The Lumière brothers made possible the dream of many young people: traveling the world doing a job that, moreover, had a strong artistic and documentary component.

Some of their names were Alexandre Promio, Francis Doublier, Constant Girel, Marius Chapuis, Felix Mesguich, Charles Moisson or Gabriel Veyre.

Gabriel Veyre

Gabriel Veyre, one of the most famous operators

** Athens and its Olympic games, Moscow and the coronation of Tsar Nicholas II, Saint Petersburg and the beginning of the revolution,** Spain, the United States, Japan, Turkey, Mongolia, the Caucasus, the African tribes.

the cinematographer began to mix, as in a deck of cards, the different cities of the world: in New York you could see what was filmed in Madrid, in Madrid what was filmed in Russia…

Suddenly, thousands of people could see how thousands of other people moved, breathed, laughed or walked who cohabited the same planet. A way of traveling without leaving the site, a first step for the audiovisual globalization that, a century later, would multiply exponentially with the appearance of the internet and social networks.

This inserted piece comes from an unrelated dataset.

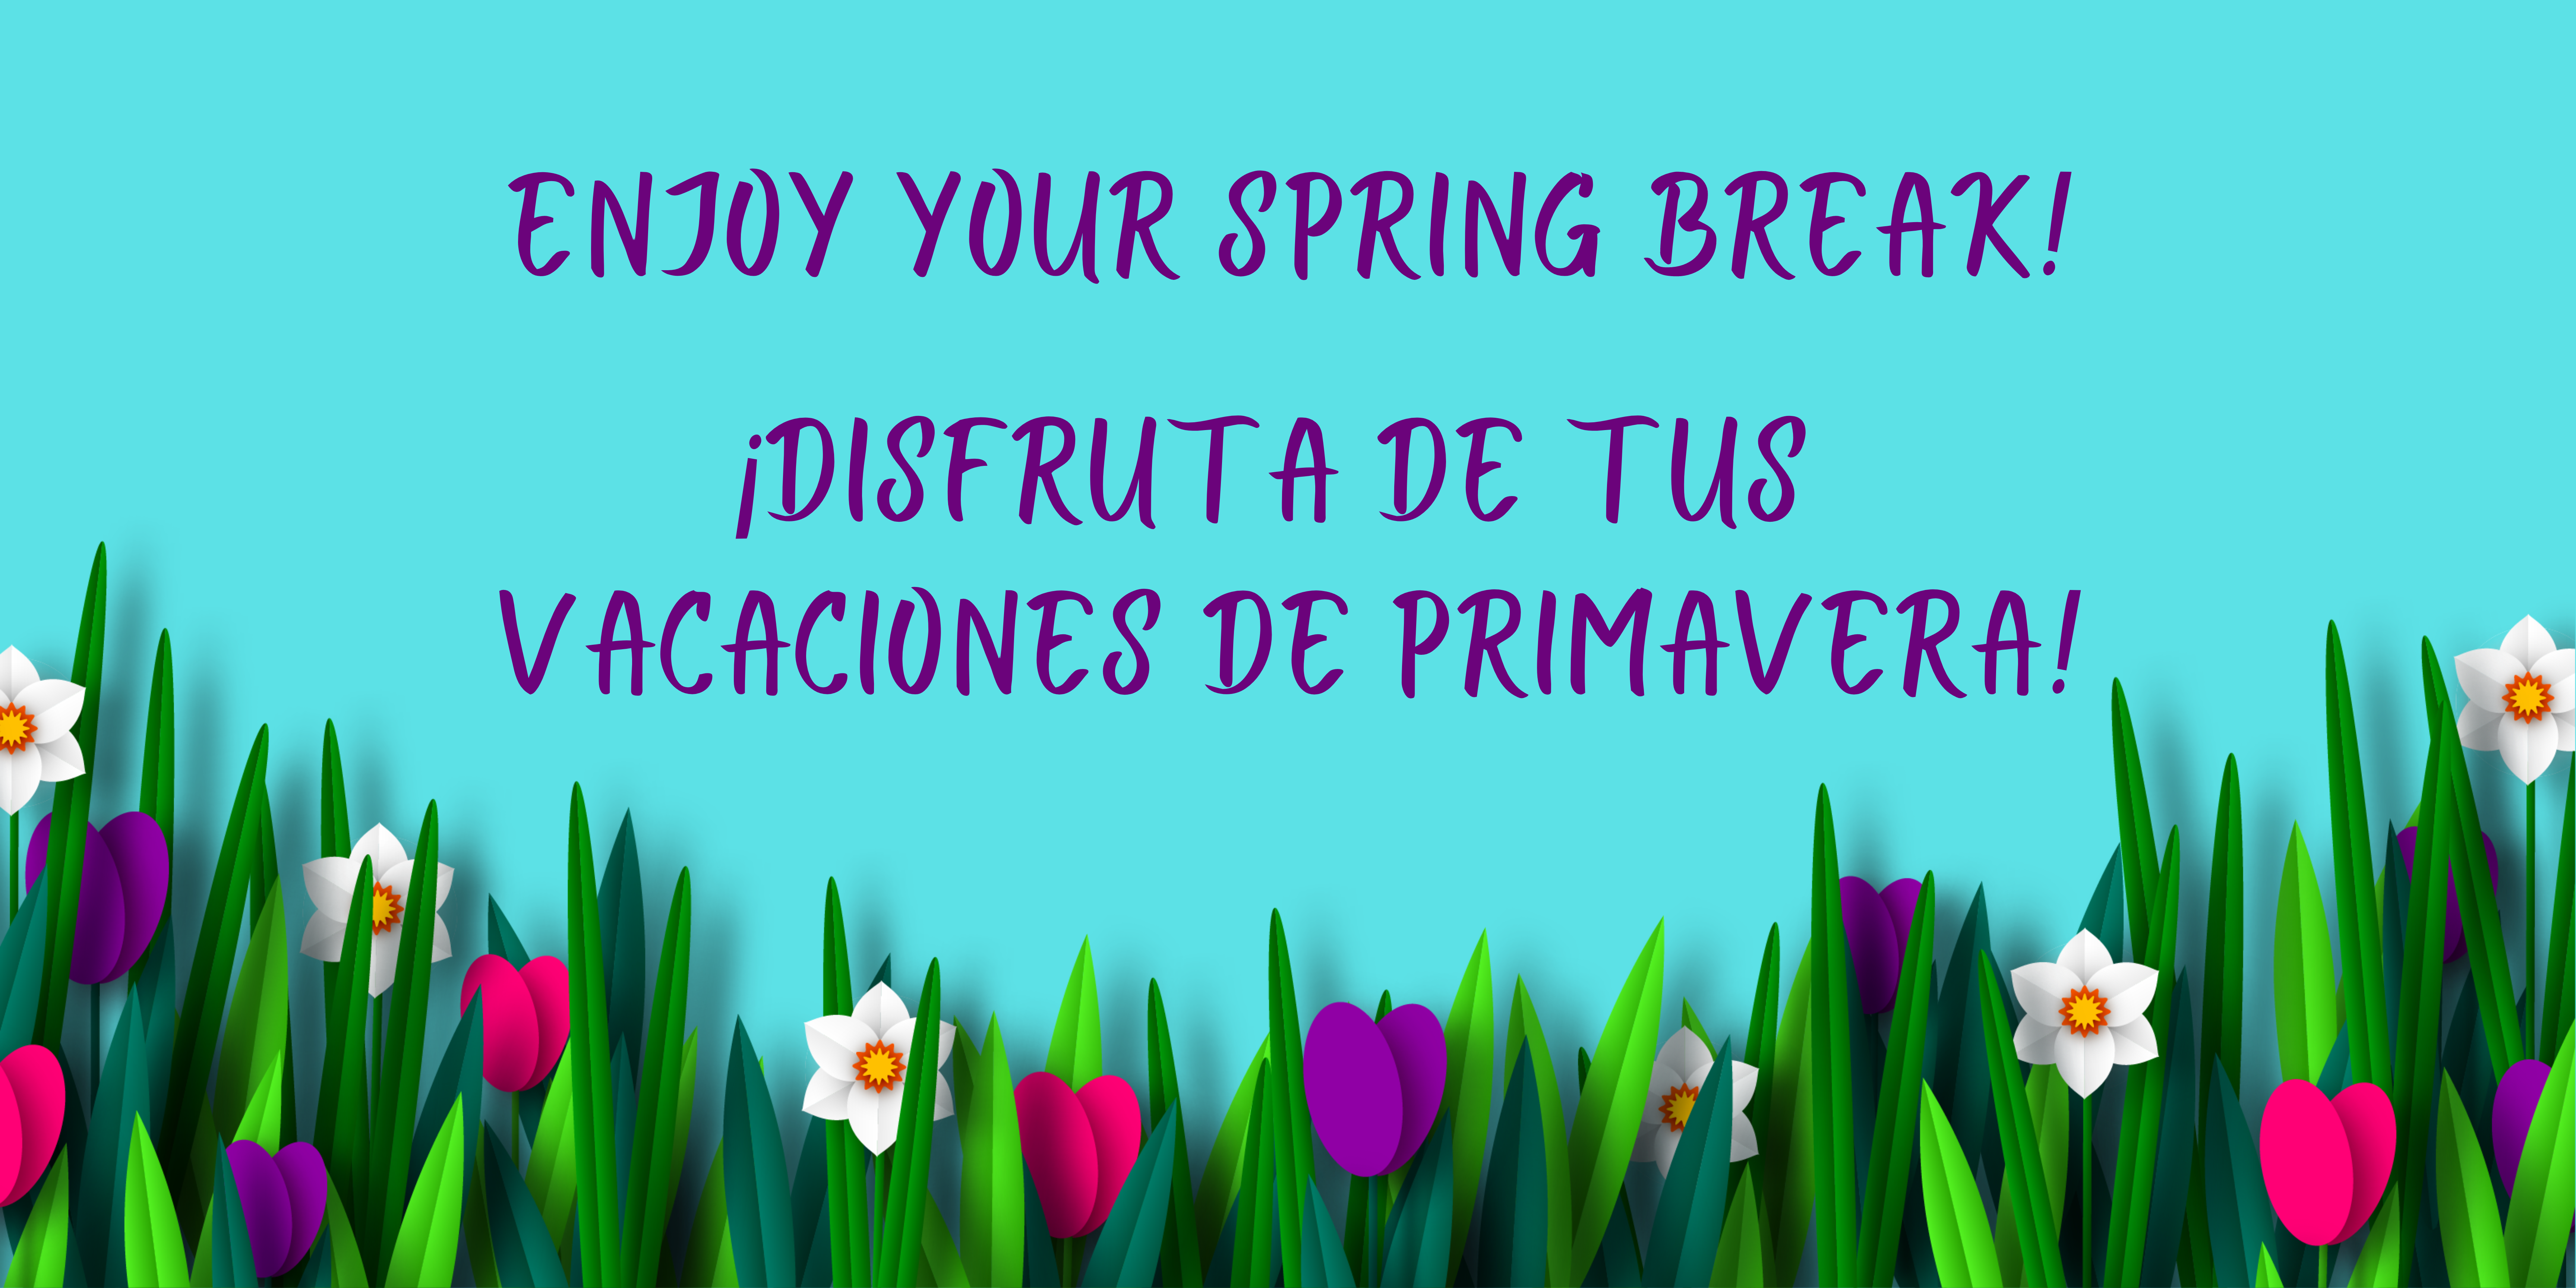 Sky blue background with graphics of white red, and purple flowers and green grass along the bottom. Purple text says, "Enjoy your Spring Break! ¡Disfruta de tus vacaciones de primavera!"

Although each Lumière operator had the importance of it, there are some that stood out above the rest. One of them was Gabriel Veire. Veyre filmed more than 30 films in Mexico, later passing through Cuba, Venezuela and Colombia.

Subsequently, he captured scenes across China, ancient Indochina, and Japan. This fate was what led him to end his relationship with the Lumières, since his filming was not to the liking of his employers, who wanted images that showed more exoticism than that shown by Veyre, who focused on more realistic scenes than commercials from Japan. Meiji.

Veyre gradually became a documentary filmmaker, whose style and pretensions were not the most purely commercial, but also the critical message through what was filmed.

Gabriel Veyre

Images filmed in Morocco by Gabriel Veyre

Today, travel and work (the famous concepts of traveling or digital nomadism, so fashionable in recent times) is still a dream for many humans eager to discover the planet, with the nuance that it is now infinite times easier than in the days of the Lumières, when moving from one place to another was a true odyssey within the reach of very few.

From this point of view, it becomes even more important the creation of the cinematograph and the work of the Lumières that, although its objective was purely commercial, allowed hundreds of young people to dream of the adventure of the world.